Its possible to limit the coverage of planet import by POLY files. For that, create a subfolder named `hierarchy`, as in https://github.com/rinigus/osmscout-server/tree/master/scripts/import/hierarchy and position POLY files under the subfolders of `hierarchy`. The vector tile source generation script `prepare_vector_source.sh` will read POLY files stored at `hierarchy` by walking through all subfolders and check each tile for intersection with at least one of the given polygons. To skip a polygon for some of the territories, add `ignore` file in the same subfolder. For example, one can just use hierarchy as provided in OSM Scout Server import scripts to exclude Antarctica and cover only the countries. 

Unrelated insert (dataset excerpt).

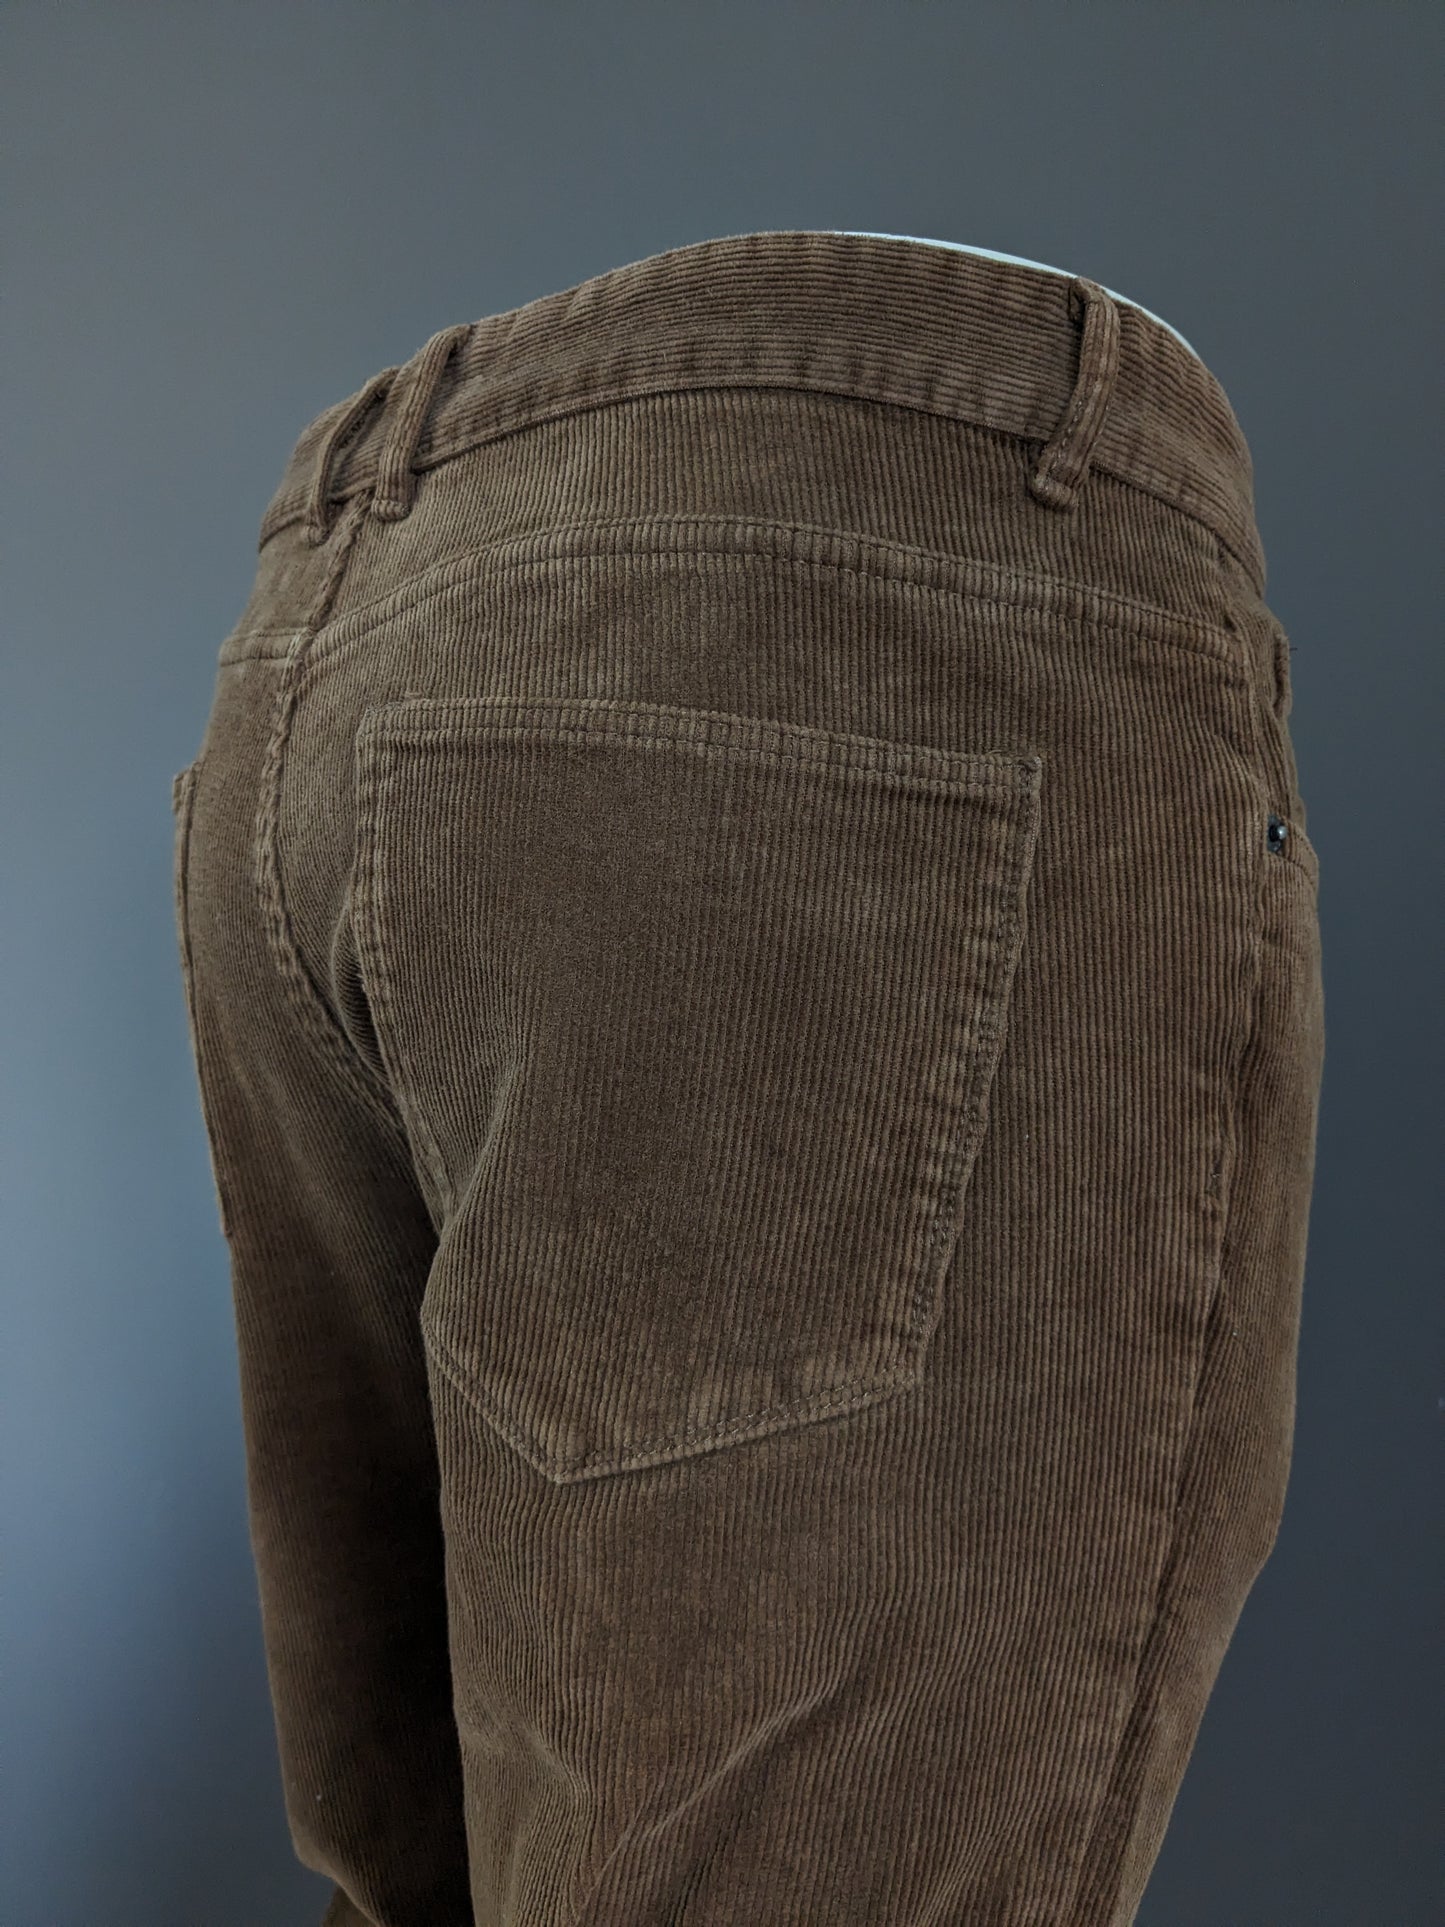 ACW 85 pantalones de costilla. Marrón. Tamaño W34 - L24. Modelo corto. Corte recto.

The information regarding bash script path and make example are listed at the end of `./generate_vector_source.py` run (this script is executed as a part of `prepare_vector_source.sh`). While import using make is shown with the full command, for bash script only the path of the script is printed. An example usage for importing using the bash script:

```

bash build/layers/layers.xml-importer.sh --bounds="21,57,29,60" mbtiles://./tiles/world.mbtiles

```

## Profiling import

To be sure that the import goes well, its good to monitor it. For that, before import, reset statistics in PostGIS database after logging into it:

```

shell # psql --echo-queries -h `pwd`/pg-socket -p 35432 osm

psql> select pg_stat_statements_reset();

```

(adjust psql command line parameters as appropriate). After that, check the stats

```

select calls, total_time, query from pg_stat_statements order by total_time desc limit 10

```

In normal operation, transportation layer should be using most of the postgres query time. When something is wrong, postgres starts using most of CPU, not node processes. In one of the  imports, looks like osm_landuse tables were not clustered that well. After performing new cluster statement for these tables + vacuum analyze, all started working quite fast.